韩子陌想了想,实在不记得什么时候见过他,虽然没见过他,但是韩子陌早就听说过他,也不惧道:“不知我们何时见过。”
“你忘了?帘艺大赛上,可是我宣布你是那头筹之首。”那人停在一尺之外,笑得慎人。
帘艺大赛?
韩子陌只知道那时自己赢得蹊跷,现在想想,那作裁判的人是一个蒙着黑色面纱,看不见脸的人。
那人竟是他?芥子王?
倒吸了一口气,韩子陌更加警惕起来,一字一顿道:“芥子王,你终于出现了。”
芥子王仰天一笑:“韩小姐竟然知道我是谁,看来羽先生和你说了不少啊!”
韩子陌也不与他硬扯,不耐烦道:“你这么多废话的吗?究竟想干什么不妨说出来,反正我也不会满足你。”
回头侧到赵奕然耳边:“这里我顶着,你快回去告诉我哥。”
“可是你自己……”赵奕然几乎要哭出来。
“我的命就交给你了!”
说完韩子陌猛地一掷盛衣针,阻了芥子王上前追逐。
芥子王似乎对赵奕然也没有多大的兴趣,而是继续端着冷笑:“若没有我,你觉得你能传承舞天侨的遗世功法吗?”
韩子陌将盛衣针放在手指上拈了拈,这个她早就想到了,于是不紧不慢道:“如果没有我,你觉得这世上还有另一个人能传承这遗世功法吗?”
因为她是唯一一个,所以他们才如此地阴魂不散。
芥子王看起来还是耐心的很,干脆坐到了一个树桩上:“羽重云的女儿果然不一样,性子就是烈。”

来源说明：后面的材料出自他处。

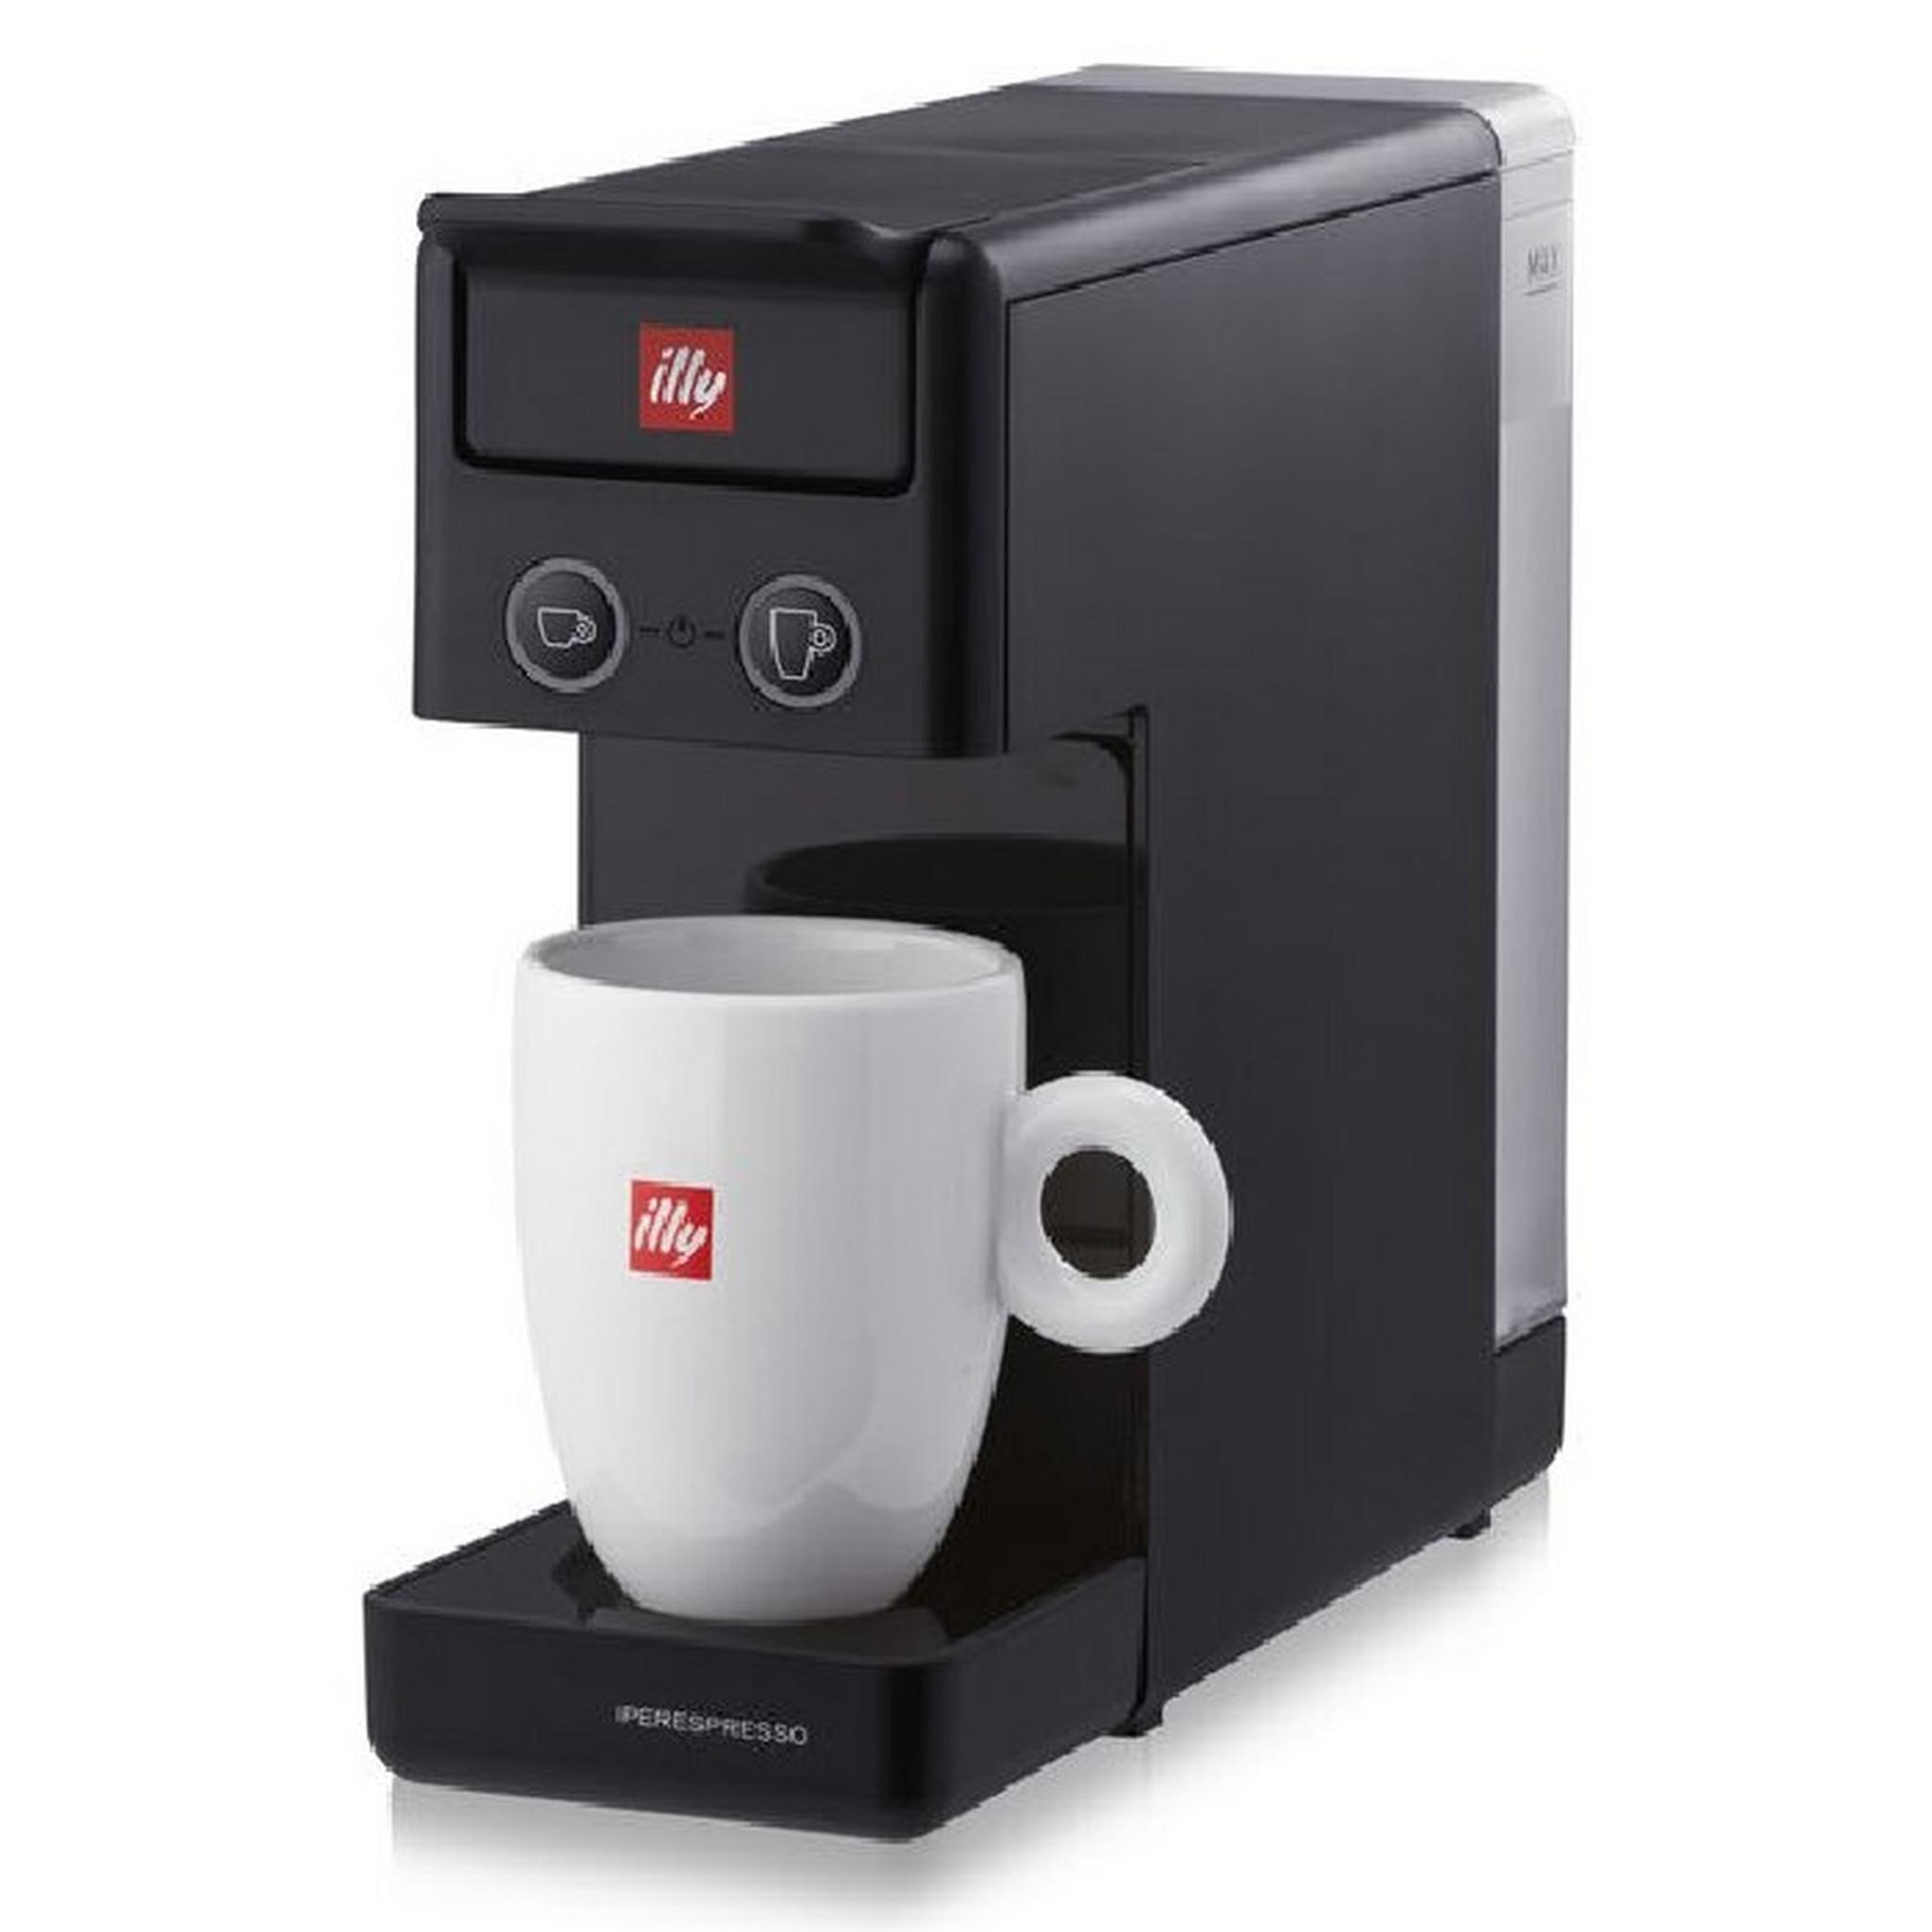 illy Coffee Machine iperEspresso (60374) - Black

听到这个名字,韩子陌晃了神,明明是几个时辰前才知道的一个名字,现在听来竟有几分伤感。
她从小,就很羡慕有妈妈的小孩子。
韩子陌静静地看着他,听他继续说下去。
“你以为你的父亲仅仅是入魔而死吗?他是被法岛一众昏官给逼死的,哪怕羽重飞和你母亲是亲兄妹,他还是没有给你们母女一条生路。”芥子王摇了摇头:“为这样的人去讨伐可笑的正义,不知道你的父母在天上作何感想啊。”
韩子陌抠紧了手掌,她自诩拎得清轻重,辨得清是非,也明白此时此刻芥子王不过是在诛心而已,可那字字句句还是划在了她的心头上。
一边是突然出现的亲情,一边是她坚持已久的正义。她才发现自己也没想象中那么干脆果断。
芥子王看出了她的迟疑,继续变本加厉道:“还有羽漠尘,他既然早就知道你的身份,为何不说?因为她知道你的身份一旦被揭穿,你就会被口诛笔伐,这样一来他苦苦算计的诛异之路上就会少一个得力的帮手。你于他而言,和于我而言,并无差异。”
“你不要觉得你心向他,就永远可以控制自己,修炼毒术者,最终都免不了入魔的下场,你终有一天会变成他日日讨伐的三异之首!”
简直荒谬至极!听到最后一段,韩子陌终于爆发,盛衣针横空抛出,一场毒法的较量在这四海第一次上演。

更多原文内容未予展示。